In the case of a colorectal tumor, the researchers propose that late-stage mutations in the gene called transforming growth factor beta (TGFβ) might be influenced by seemingly unrelated earlier mutations in MYC, typically found in early-stage cancers. They have shown that TGFβ loss helps tumors to build blood vessels, just as MYC hyperactivation does. Since both drive the same tumor trait, could they be epistatic? Indeed, extensive TCGA data mining revealed that MYC and TGFβ mutations almost never occur together. Conversely, some mutations always seem to co-exist in colorectal tumors, which suggests that the mutations likely act on different, complementary pathways. This analysis was performed in collaboration with Pichai Raman, a bioinformatics scientist from the new Department of Biomedical and Health Informatics at CHOP, and Adam Bass, MD, from the Dana-Farber Cancer Institute in Boston.

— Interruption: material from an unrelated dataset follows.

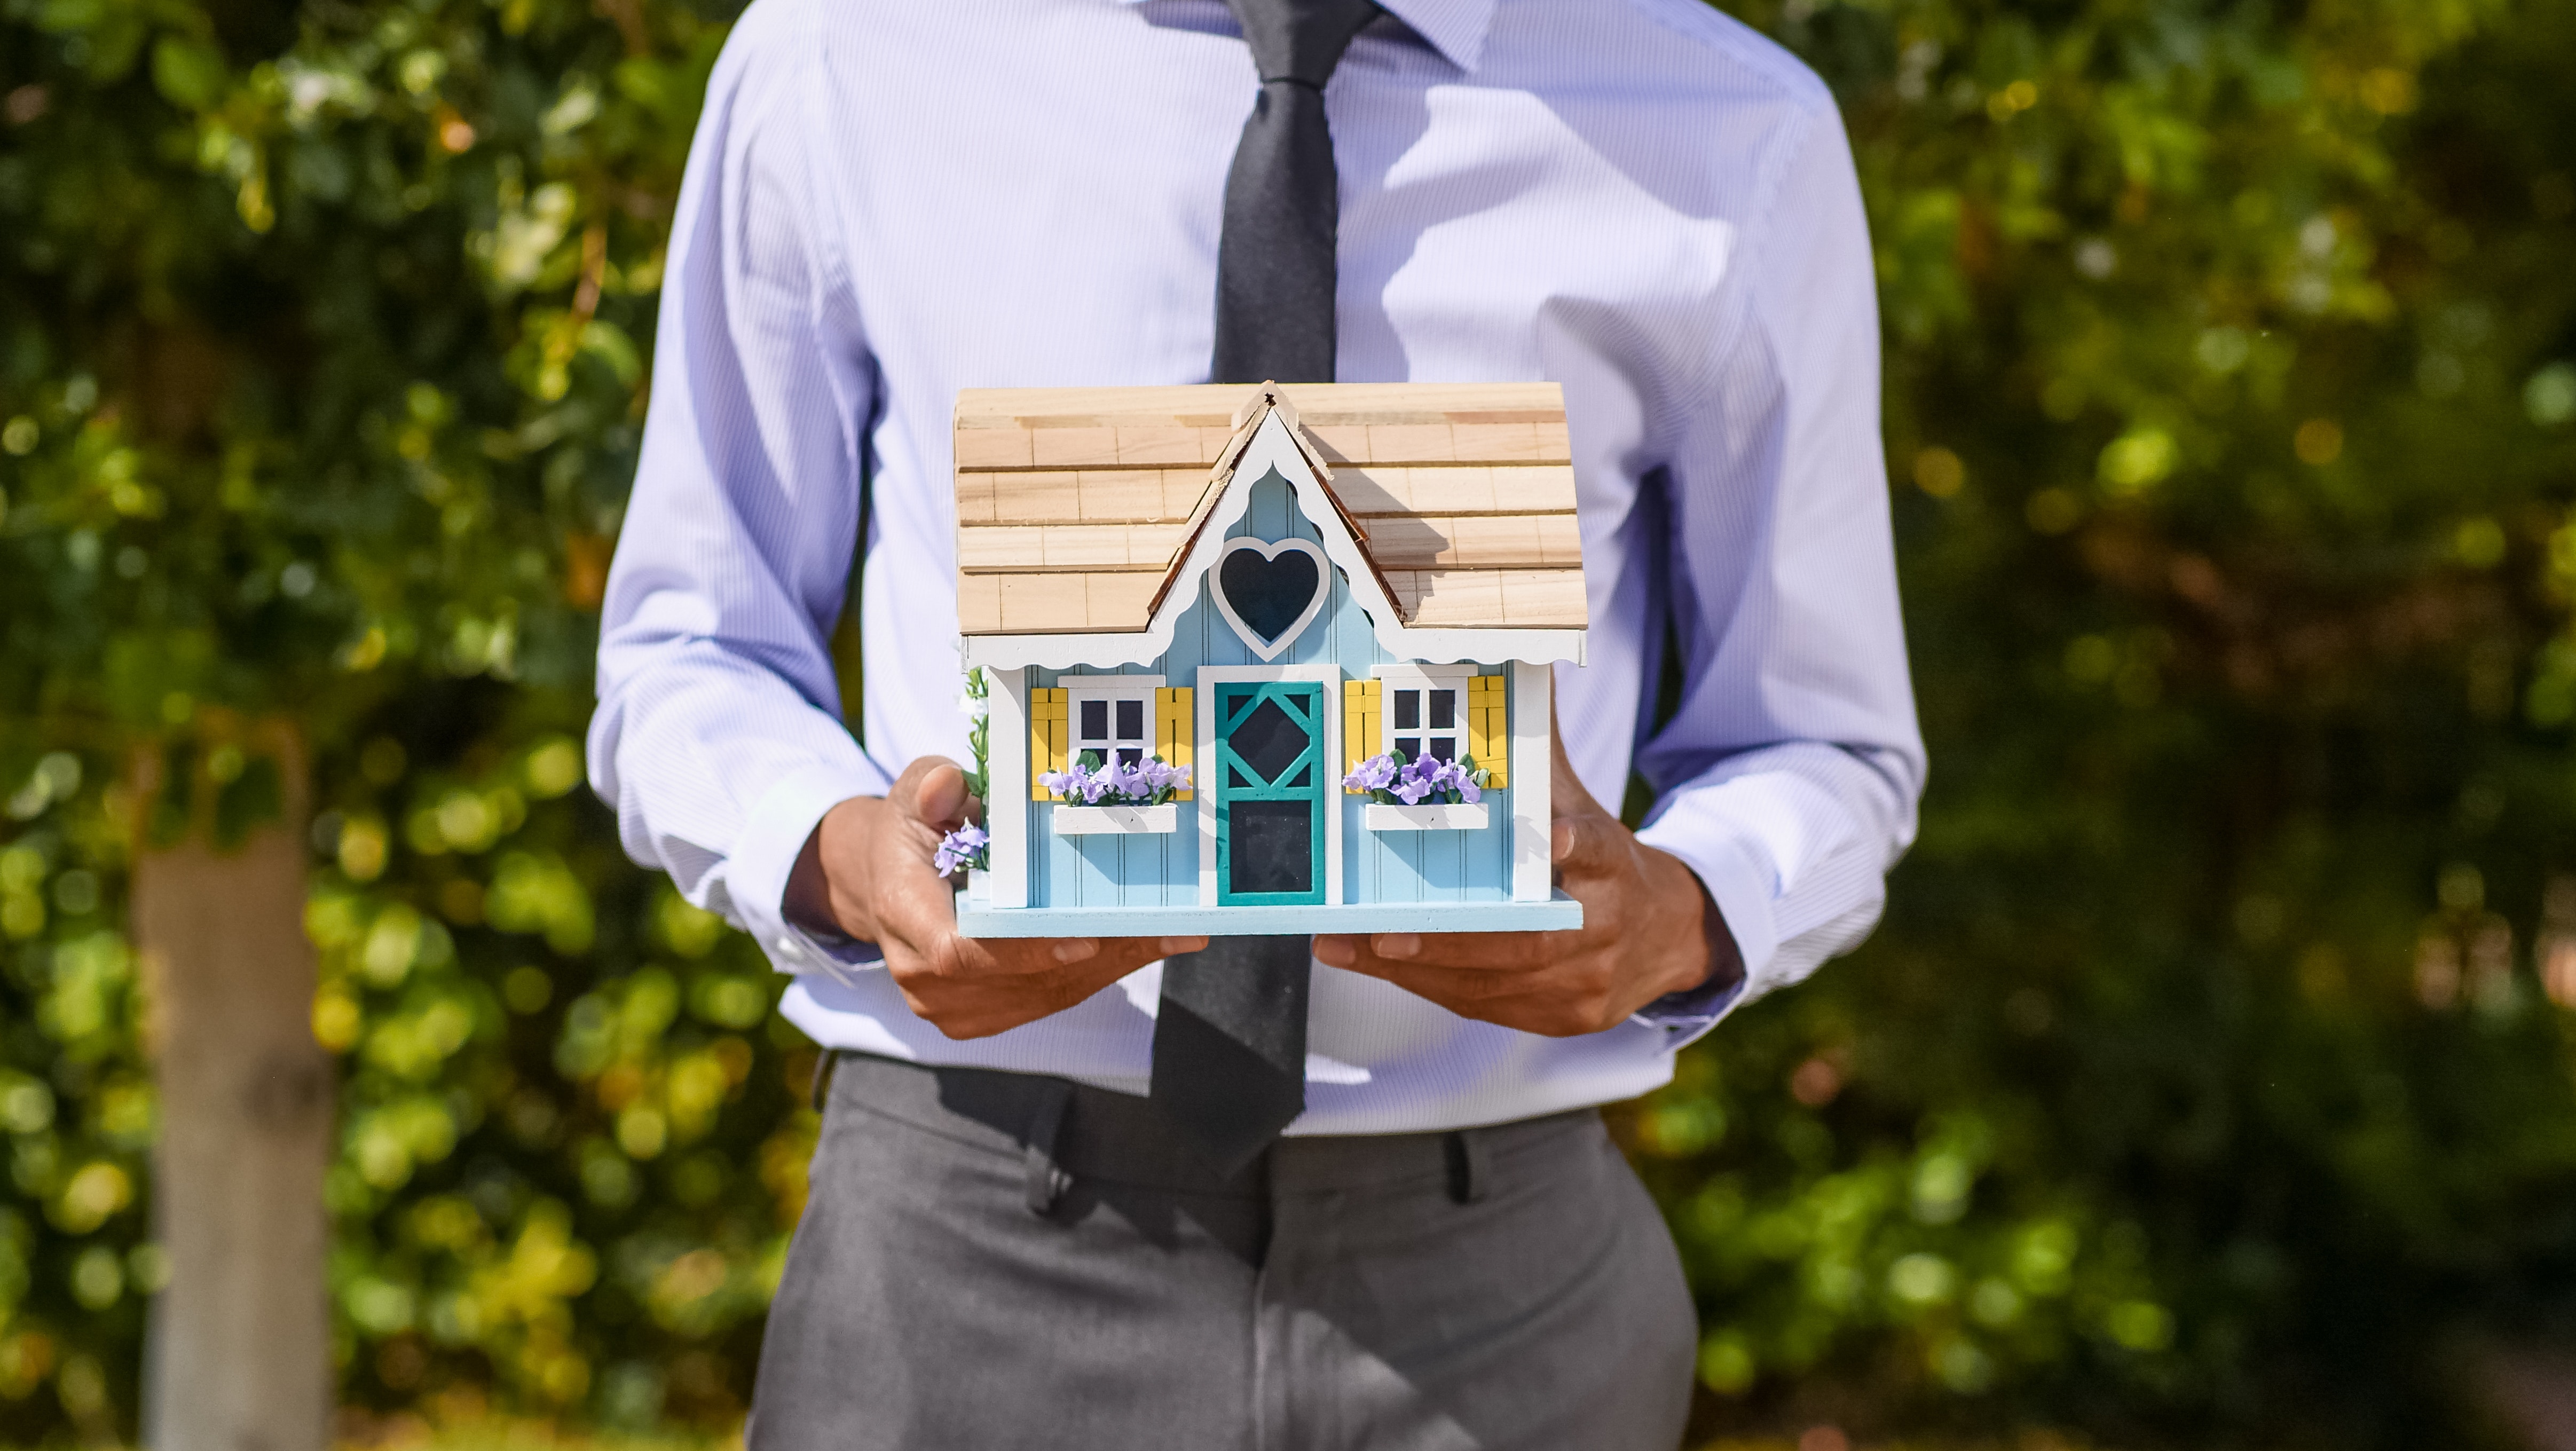 Can Hiring a Real Estate Agent Help You Maximize Your Home’s Value?
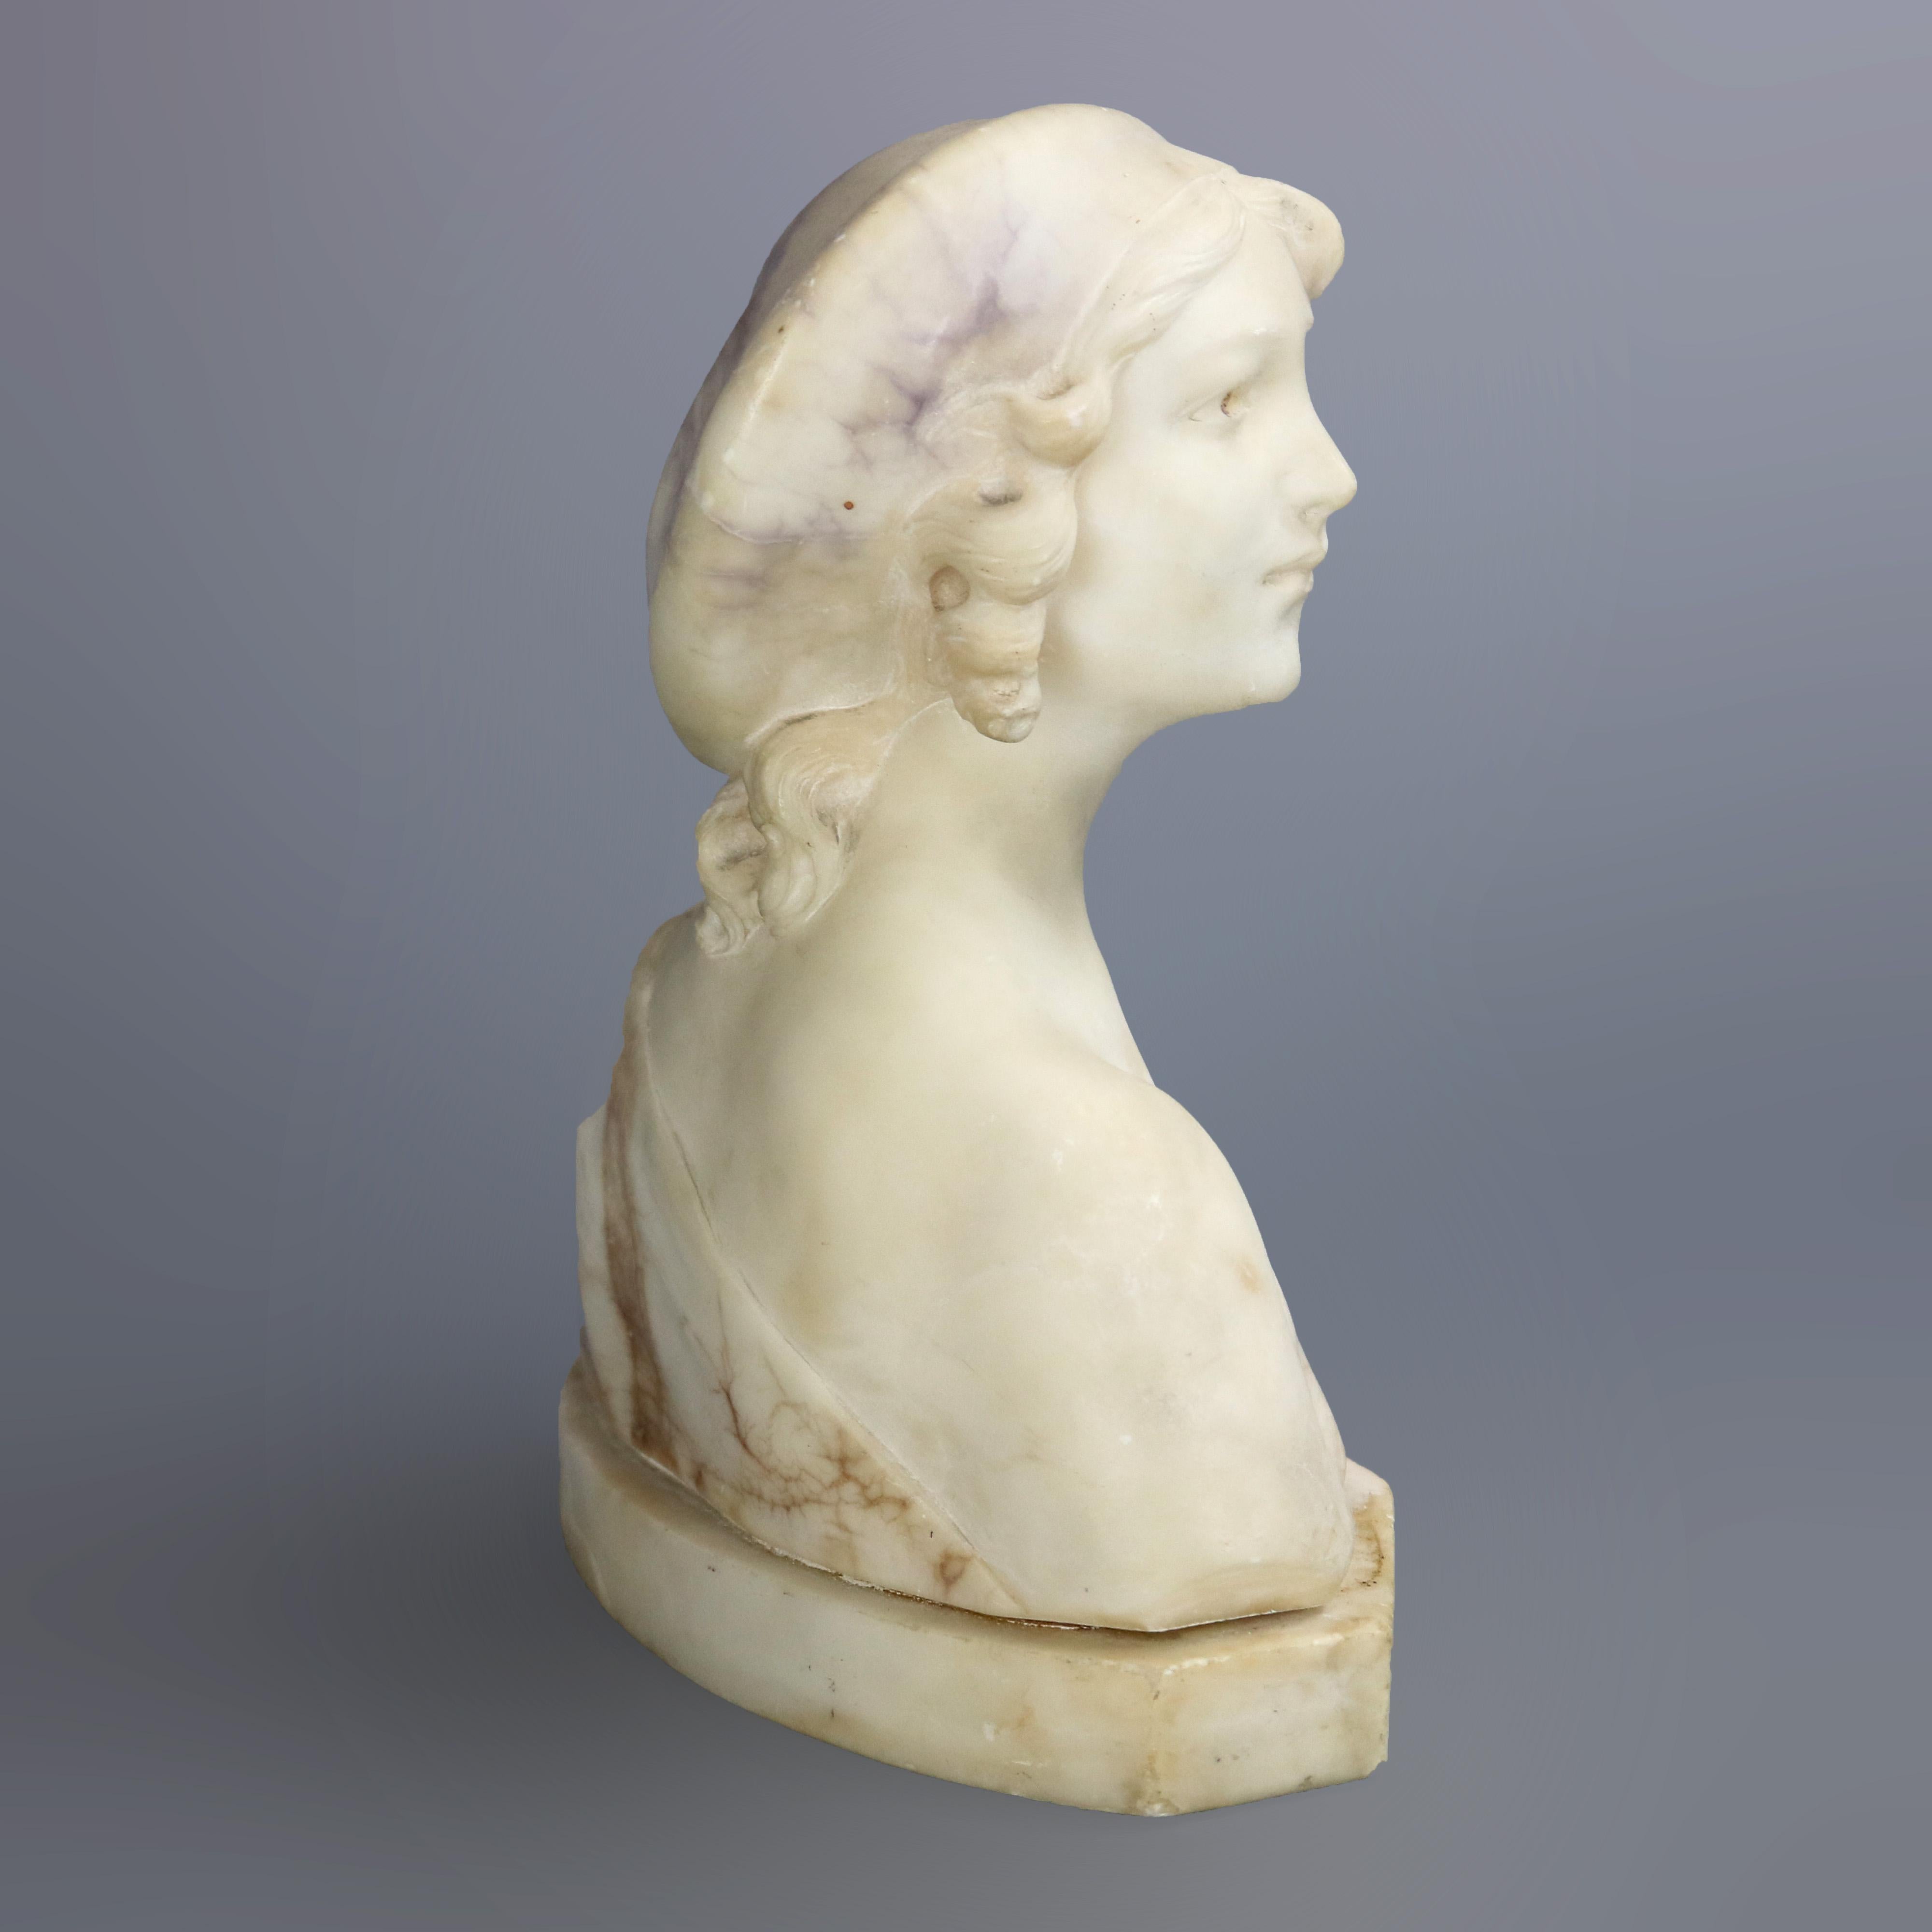 Hand-Carved Antique Italian 2 Tone Marble Joan of Arc Portrait Bust Sculpture, circa 1890

Identifying which mutations occur in the same pathway and which occur in parallel is useful because it could help researchers to preselect patients who are likely to respond to certain drug therapeutics. For example, Dr. Thomas-Tikhonenko and his study team will investigate how to maximize impact of drugs within two subtypes of colorectal cancer, called chromosomal instability (CIN) and microsatellite instability (MSI). FAP falls under the CIN class.

Patients with MSI frequently have TGFβ mutations, but they are rare in patients with CIN; MYC mutations generally follow the opposite pattern. Since TGFβ and MYC mutations do not usually appear in the same tumors, the researchers predict that drugs that effectively target MYC could be helpful for FAP but would not have the same impact on patients with MSI.

“The idea is to develop an algorithm that would allow you to use this information in a way that predicts response to therapy,” said Dr. Thomas-Tikhonenko, who also is a professor of Pathology and Laboratory Medicine at the Perelman School of Medicine at the University of Pennsylvania.

By the completion of the five-year grant, he expects that scientists will have a new vantage point for colorectal cancer development and treatment. Dr. Thomas-Tikhonenko is looking forward to collaborating on the project with Struan Grant, PhD, a human genetics researcher at CHOP and an associate professor of Pediatrics at the Perelman School of Medicine at the University of Pennsylvania.